Did you ever consider getting an EGR delete kit?

I need one..

I'm at 150k still on the original...same year as yours.


----------



## Mackman (Nov 3, 2009)

bryanR;1069303 said:


> if they werent covered in rust it would be an awesome truck all around. after this winter i have a feeling that im going to be doing some serious work to get this truck in good shape again. might end up buying my neighbors truck and droppin the motor in that instead... frame is awsome no rust or anything.


Yea all trucks have good and bads. But overall i perfer my ford. But rust will kill any truck.



MileHigh;1069307 said:


> Did you ever consider getting an EGR delete kit?
> 
> I need one..
> 
> I'm at 150k still on the original...same year as yours.

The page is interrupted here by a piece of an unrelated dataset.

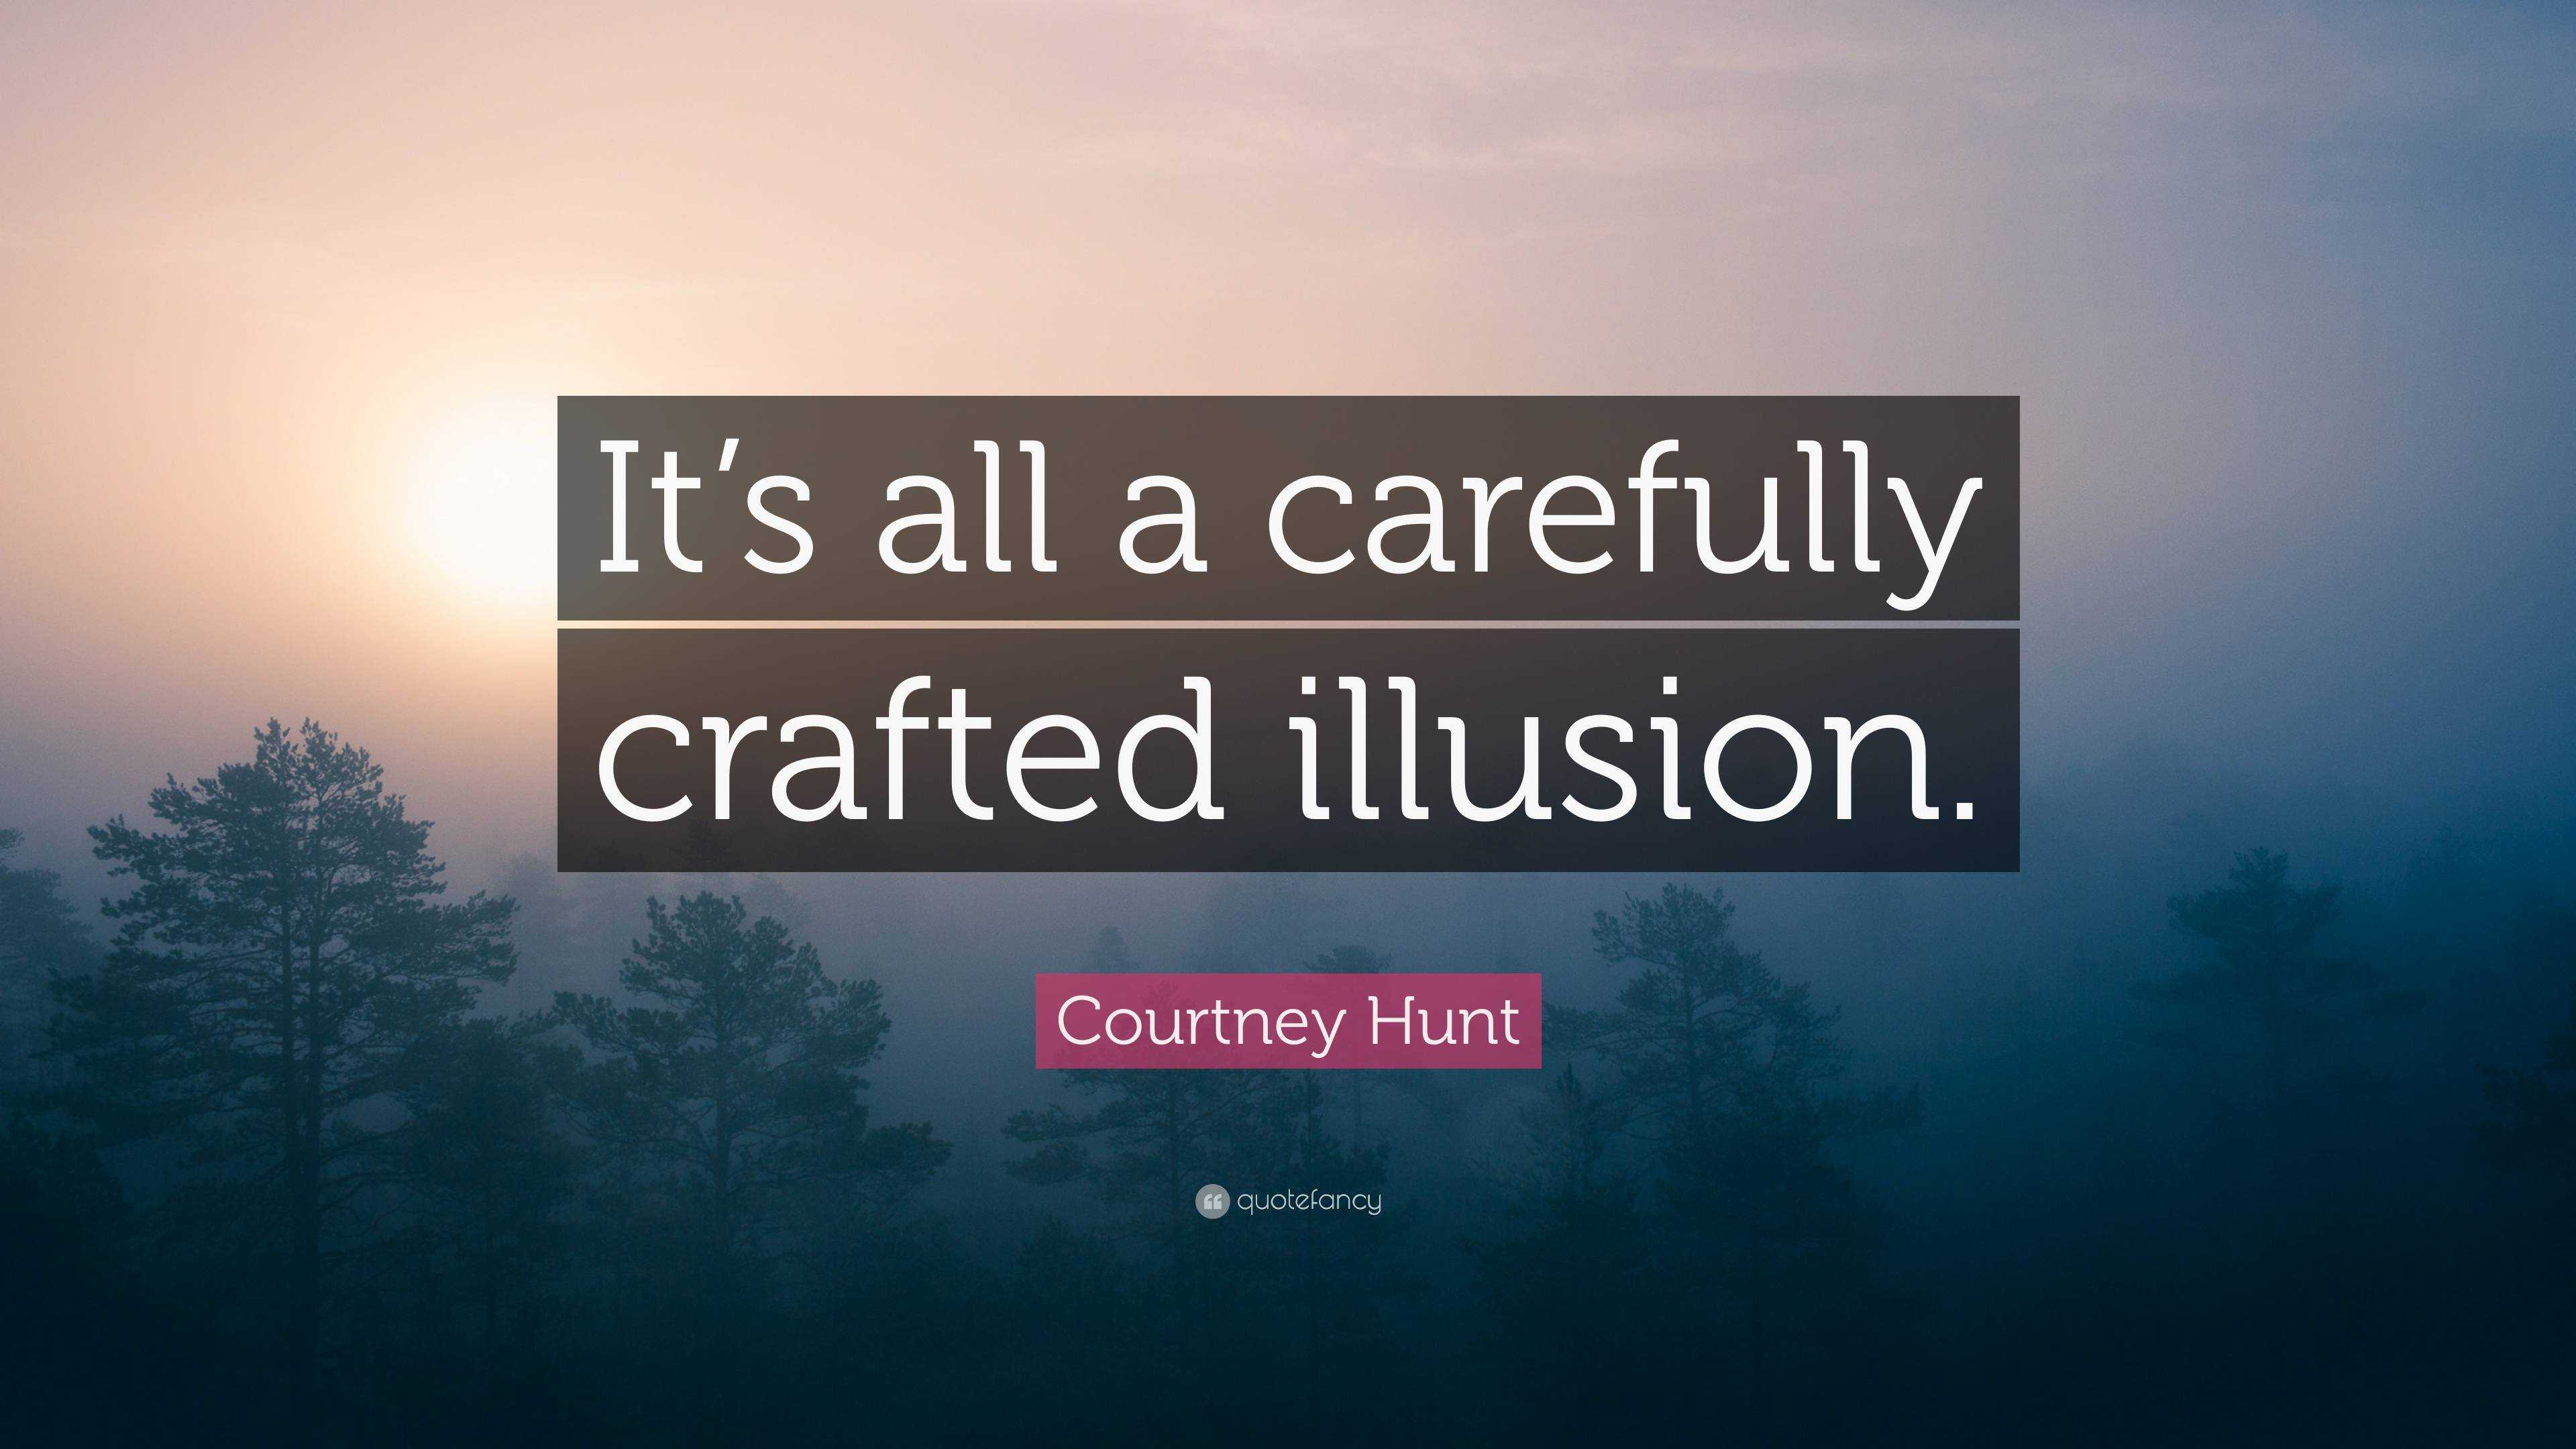 Top 2 Courtney Hunt Quotes 22 Update Quotefancy

Maybe once my EGR takes a dump on me i will. But as long as things keep working its staying stock lol.


----------



## fisher guy (Nov 11, 2008)

03 6.0 here with 158k on her still running strong all stock except 2 bad ipc sensors and it needs new ball joints still on its originals needless to say ive been lucky knock on wood


----------



## fireboy5722 (Feb 26, 2008)

i can't wait either just painted the plow yesterday!!!!


----------



## show-n-go (Feb 5, 2009)

I can't wait.. I've been staring at the plow all summer, I'm going to get it out and knock the dust off of it in the next few weeks.


----------